(1) The licensee
shall develop resident rights policies and procedures.
(2) The licensee shall appoint a committee to
update policy and evaluate and act on resident rights complaints.
(3) The licensee shall post written rights in
areas accessible to residents and made available to the resident, guardian or
next of kin and the department on request.
(4) The licensee shall ensure that each
resident admitted to the facility has the right to:
(a) be fully informed, as evidenced by
written acknowledgment before or at the time of admission and during stay, of
resident rights and of rules governing resident conduct;
(b) be fully informed, before or at the time
of admission and during stay, of services available in the facility and of
related charges, including any charges for services not covered by the
facility's basic per diem rate or not covered under Titles XVIII or XIX of the
Social Security Act;
(c) be fully
informed of the resident's medical condition by the attending
physician;
(d) be given the
opportunity to participate in the planning of medical treatment and to refuse
to participate in experimental research;
(e) refuse treatment to the extent allowed by
law and to be informed of the medical consequences of such refusal;
(f) be given reasonable advance notice to
ensure orderly transfer or discharge;
(g) be encouraged and assisted throughout the
period of stay to exercise rights as a resident and as a citizen, and to voice
grievances and recommend changes in policies and services to facility staff or
outside representatives of choice, and to be free from interference, coercion,
discrimination or reprisal;
(h)
manage personal financial affairs, or to be given at least quarterly or upon
request, an accounting of financial transactions made on the resident behalf
should the facility accept written delegation of this responsibility;
(i) be free from mental and physical abuse
and to be free from chemical and physical restraints except as authorized in
writing by a physician for a specified period, or when necessary to protect the
resident from injury to themselves or to others;
(j) be assured confidential treatment of
personal and medical records and to approve or refuse the release to any
individual outside the facility, except in the case of transfer to another
health facility, or as required by law or third party payment
contract;
(k) be treated with
consideration, respect and full recognition of dignity and individuality,
including privacy in treatment and in care for personal needs;
(l) not be required to perform services for
the facility that are not included for therapeutic purposes in the plan of
care;
(m) associate and communicate
privately with others, and to send and receive personal mail
unopened;
(n) meet with and
participate in activities of social, religious and community groups;
(o) keep and use personal clothing and
possessions as space permits, unless it would infringe upon the rights of other
residents;
(p) if married, be
assured privacy for visits by a spouse, and if both are residents in the
facility, to be allowed to share a room;
(q) have daily visiting hours
established;
(r) have members of
the clergy admitted at the request of the resident or person responsible at any
time;
(s) allow relatives or
responsible persons to visit at any time;
(t) be allowed privacy for visits with
family, friends, clergy, social workers or for professional or business
purposes;
(u) have reasonable
access to telephones to make and receive confidential calls; and
(v) wear appropriate personal clothing and
religious or other symbolic items as long as they do not interfere with
diagnostic procedures or treatment.
(5) Each licensee that manages resident money
shall comply with the following:
(a) the
licensee may not mingle or use resident funds for facility purposes;
(b) resident funds and valuables are
separated and free from any liability that the licensee incurs in the use of
the institution's funds and valuables;
(c) each licensee maintains safeguards and
accurate records of resident funds and valuables entrusted to the
licensee;
(d) records of resident
funds that are maintained as a drawing account include a control account for
receipts and expenditures, an account for each resident and supporting vouchers
filed in chronological order.

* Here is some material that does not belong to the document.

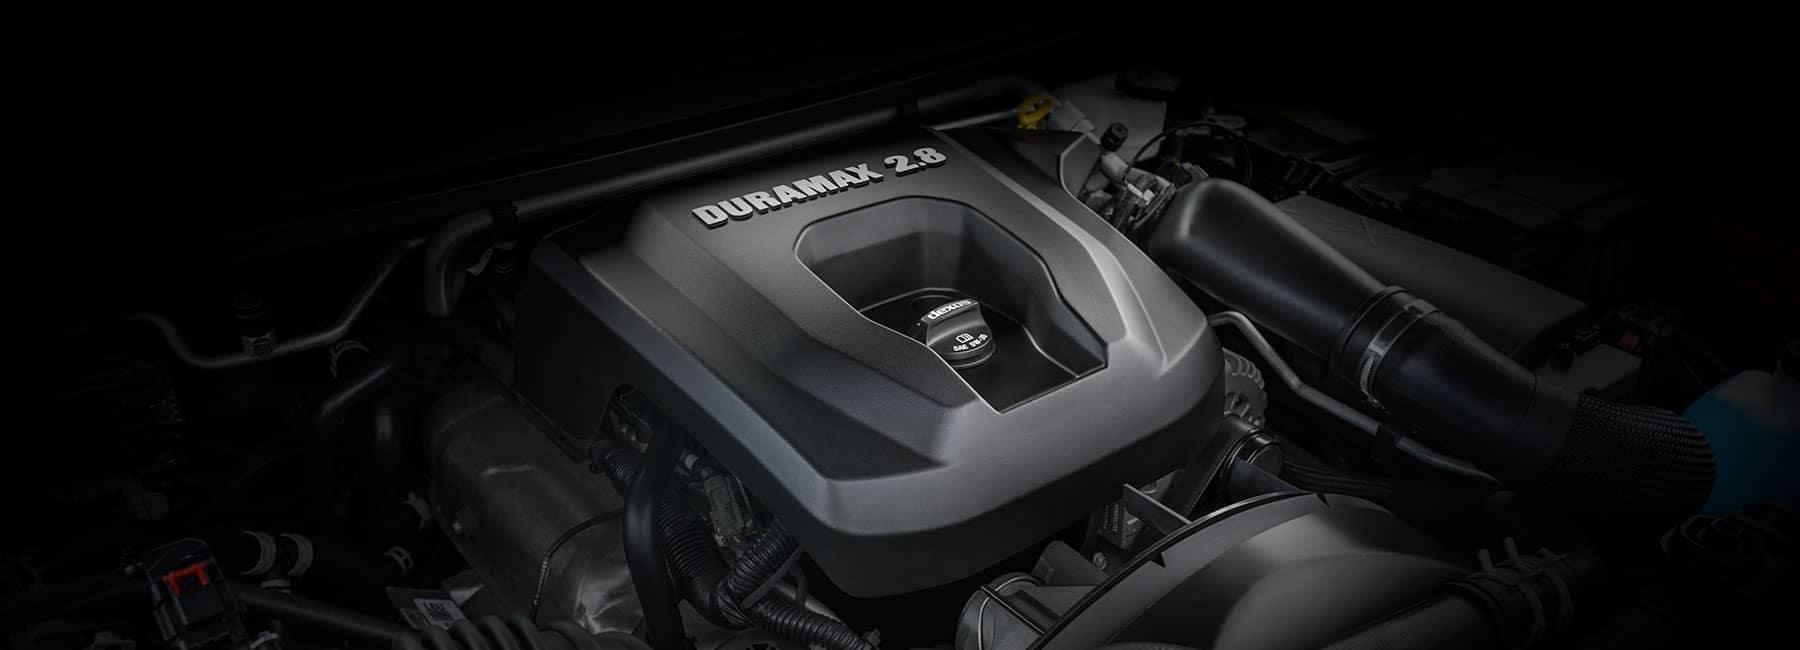 Chevrolet Duramax engine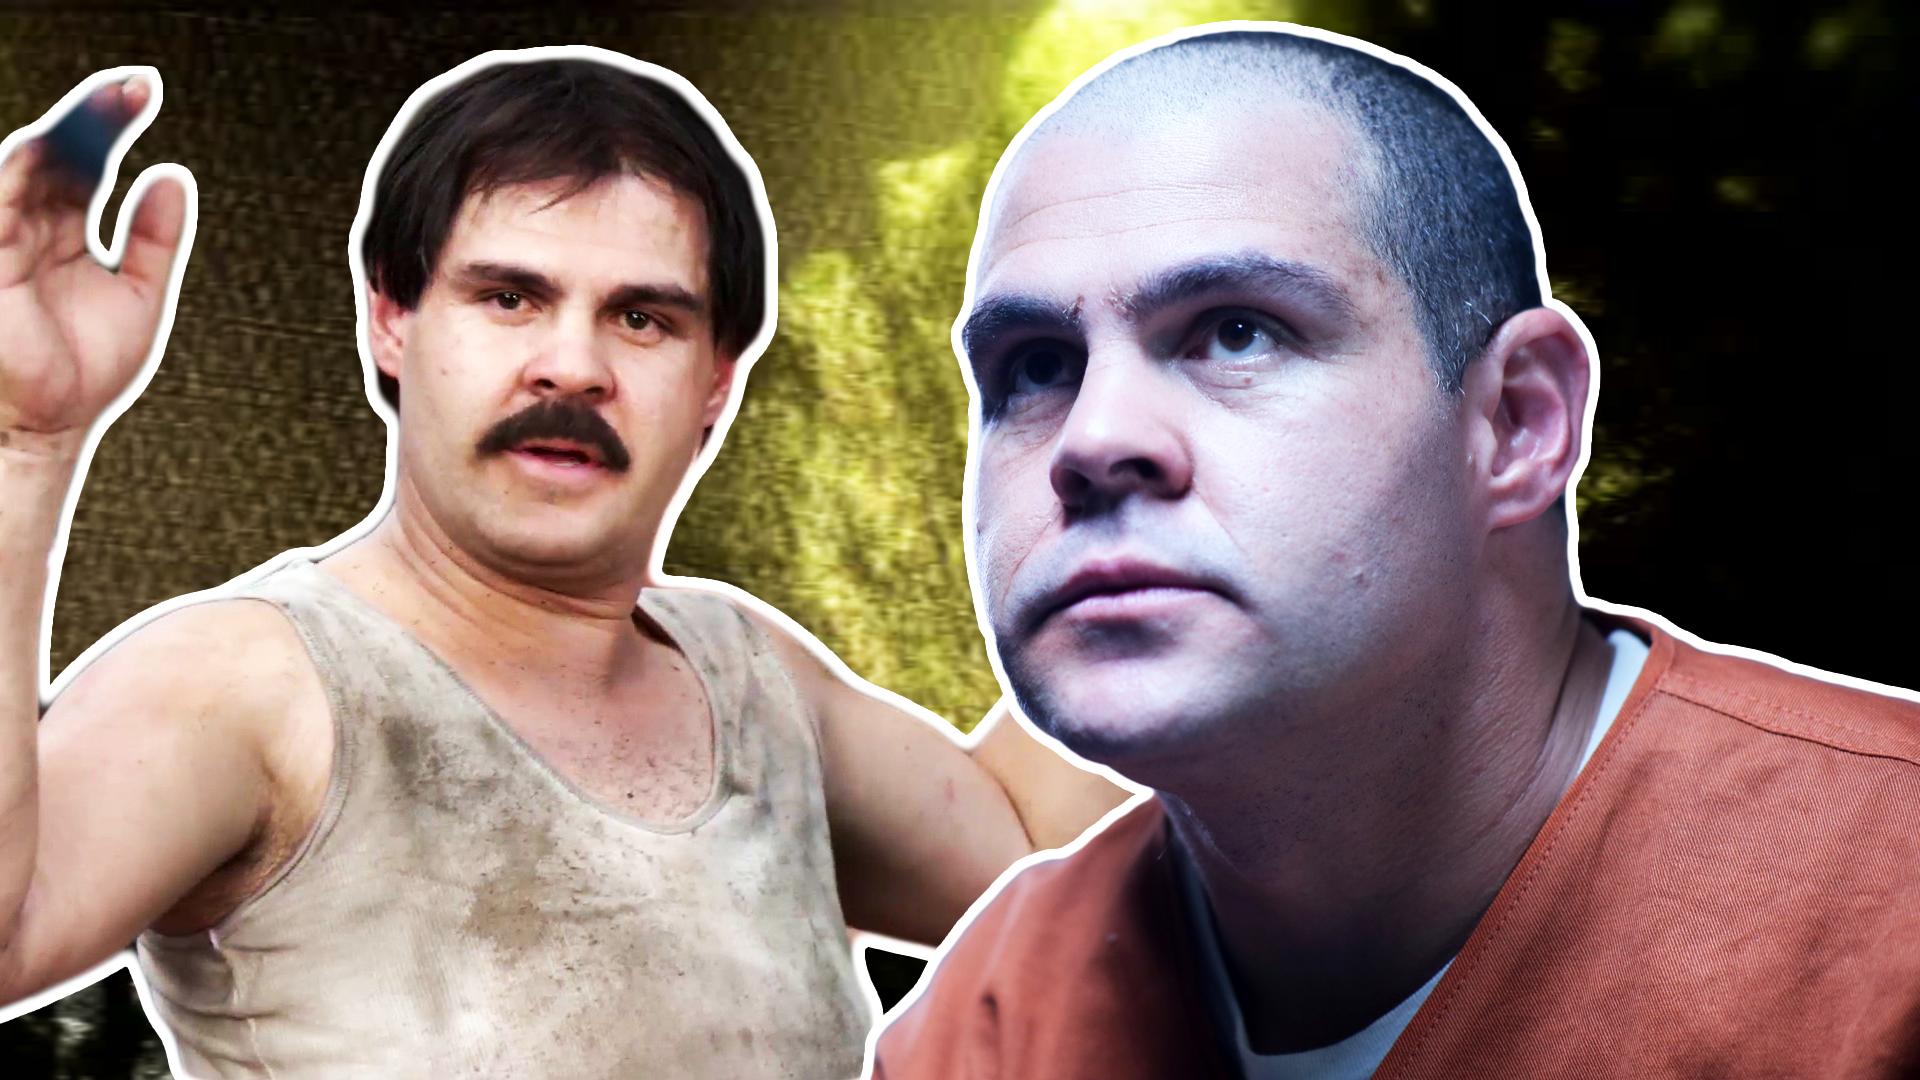 El Chapo' terminó en la cárcel y extraditado: así culminó la temporada  final de la serie sobre Guzmán Loera   Series El Chapo

Each account is kept current with columns for
debits, credits and balance;
(e)
records of resident funds and other valuables entrusted to the licensee for
safekeeping include a copy of the receipt furnished to the resident or to the
person responsible for the resident;
(f) resident funds not kept in the facility
are deposited by the licensee within five days of receipt of the funds in an
interest-bearing account in a local bank authorized to do business in Utah, and
each deposit is insured;
(g)
licensee that operates more than one health facility maintains a separate
account for each facility and may not commingle resident funds from one
facility with another;
(h) when the
amount of resident funds entrusted to a licensee exceeds $150, excess funds are
deposited in an interest-bearing account;
(i) upon discharge of a resident, funds and
valuables of the resident that have been entrusted to the licensee are
surrendered to the resident in exchange for a signed receipt;
(j) money and valuables kept within the
facility are surrendered upon demand and those kept in an interest-bearing
account are made available within three normal banking days;
(k) the licensee shall surrender any funds
and valuables entrusted to the license to the person responsible for the
resident, including an executor or administrator of estate in exchange for a
signed receipt within 30 days following the death of a resident, except in a
coroner or medical examiner case; and
(l) when a resident dies without a
representative or known heirs, immediate written notice is given by the
facility to the medical examiner and the registrar of the local probate court,
and a copy of the notice filed with the department.
(6) The licensee of an Intermediate Care
Facility for Individuals with Intellectual Disabilities may not permit an
individual under the age of 22 years old to live in the same room with:
(a) more than one individual; or
(b) with individuals over the age of 22
years, unless they are members of the individual's immediate family.
(7) The administrator shall
develop written policies and procedures to implement these requirements and
shall obtain written approval from the department for any exceptions to this
rule.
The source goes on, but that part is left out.